Fluorescence in situ hybridization (FISH)

FISH was done as previously reported using locus-specific bacterial artificial chromosomes (BAC) probes and/or multicolor banding (MCB) probe sets (Fan et al., 2013). Also all chromosome-specific sub-centromere/subtelomere-specific multicolor (subCTM-)FISH probe sets were applied (Gross et al., 2006) apart the Y-chromosome specific one, as only female cell lines were available. Additionally, the following homemade Homo sapiens (HSA) derived microdissection probes were utilized: a probe specific for the short arm of all human acrocentric chromosomes (midi54) (Mrasek et al., 2003), and partial chromosome paints for some selected chromosome-arms (Liehr and Claussen, 2002).
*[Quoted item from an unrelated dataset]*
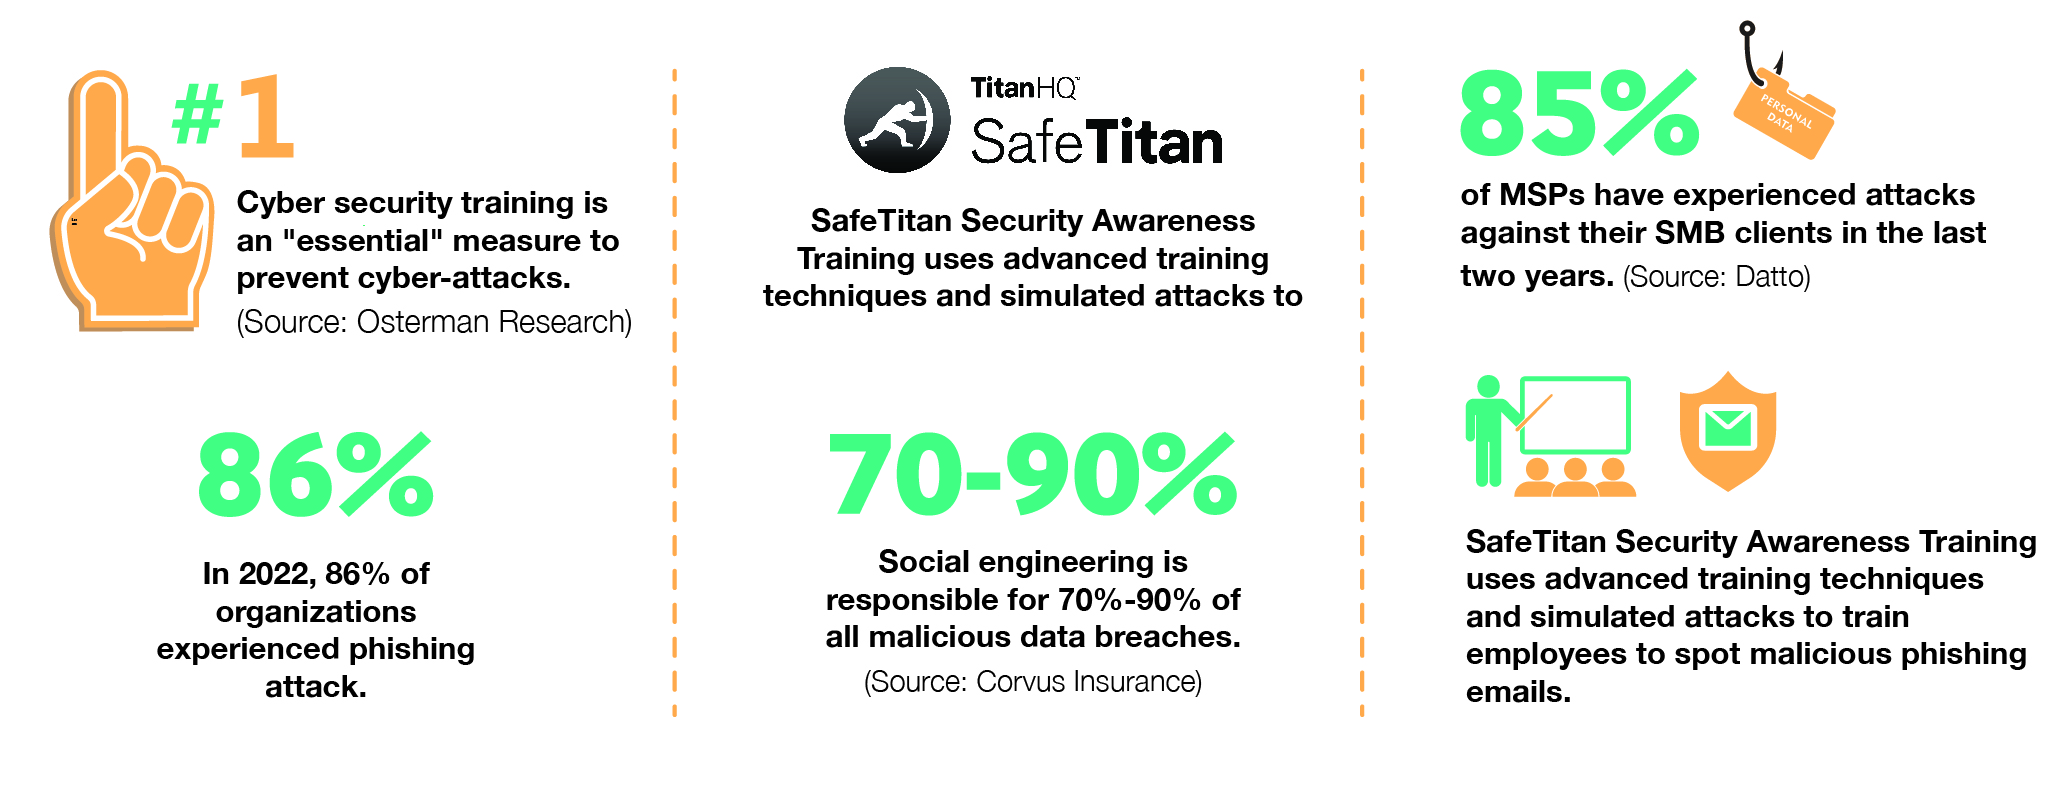 SafeTitan Security Awareness Training
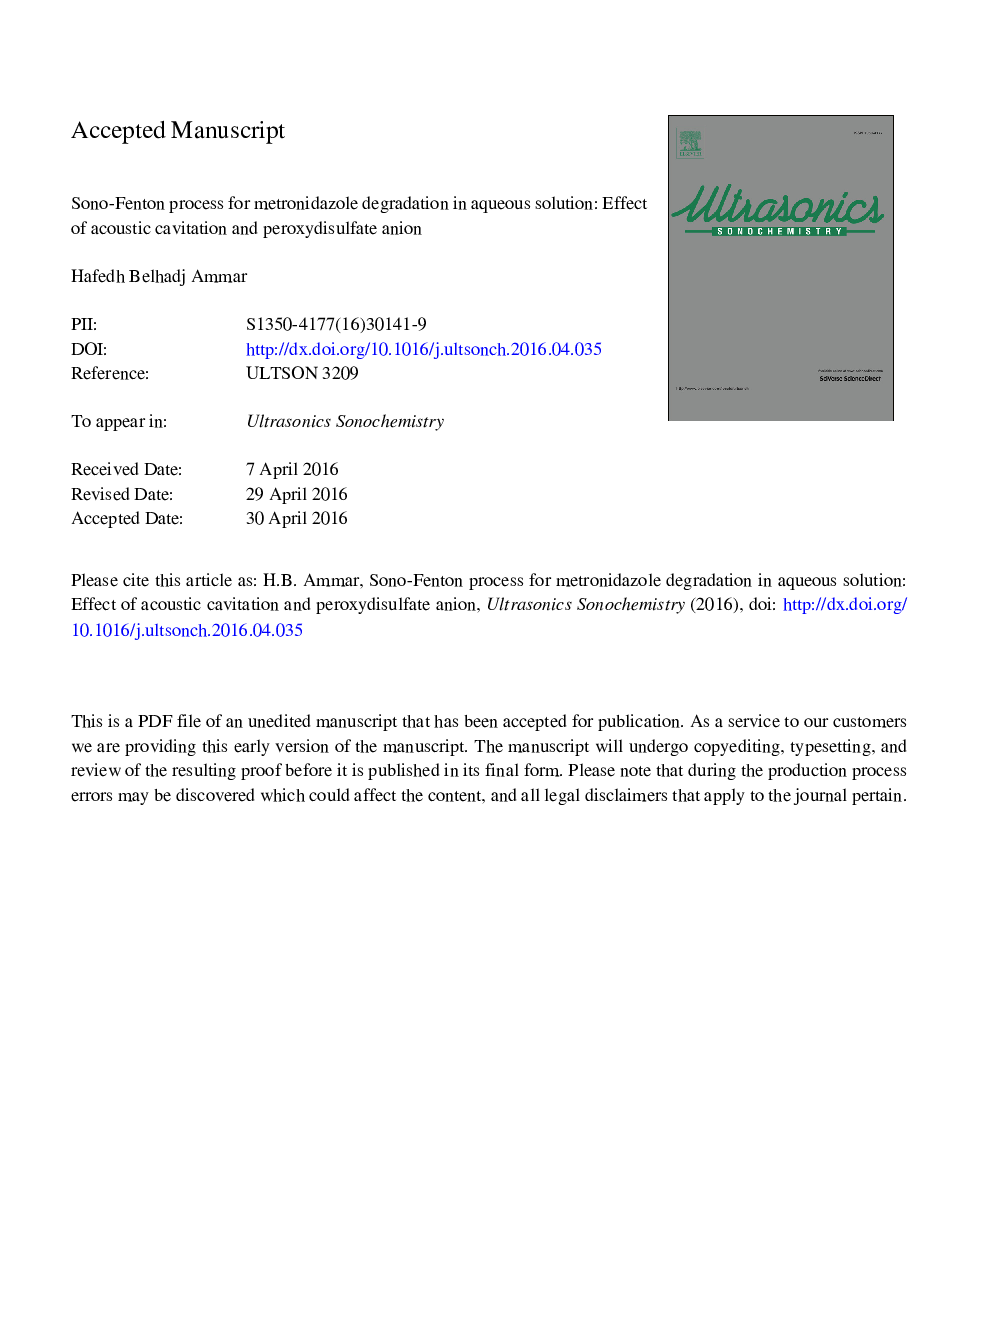 فرایند سونوفنتون برای تجزیه مترونیدازول در محلول آبی: اثر کاویتیشن آکوستیک و آنیون پراکسیدیل سولفات

Furthermore, a probe specific for the nucleolus organizer region (NOR) and a probe set directed against all heterochromatic regions present in the human genome (1q12, 16q11.2, 9q12, 9p12/ 9q13, 15p11.2-p11.1, 19p12/q12 and Yq12), the so-called heterochromatin mix (HCM) probe set (Bucksch et al., 2012) were utilized.

Images were captured by an Axioplan II microscope (Carl Zeiss Jena GmbH, Germany) equipped with filter sets for DAPI, FITC, TR, SO, Cy5 and DEAC. Image analysis was performed via pseudocolor banding and fluorochrome profiles of the ISIS digital FISH imaging system (Meta Systems Hard & Software GmbH, Altlussheim, Germany). A total of 10 up to 20 metaphases per species and probe were analyzed.

Results

Multicolor banding (MCB) using human chromosome-specific probe sets was successfully applied in all five here studied species. Results were obtained for all chromosomes excluding Y-chromosome, as only female individuals were available for this study. ECBs and centromeric positions could be estimated at the sub-band level. Fig. 1 and Supplementary Table S1 summarizes the obtained results.

Fig. 1

Representative MCB pseudo-color results using human probes on the five species studied here; depicted are only new, not including confirmatory results of previously published findings from others. HSA chromosomes are numbered by white figures, monkey chromosomes in other colors. Also FISH-results using HSA 9p12/9q13 probes in the five studies species are depicted in the bottom right corner. Arrows show the location of monkey centromere.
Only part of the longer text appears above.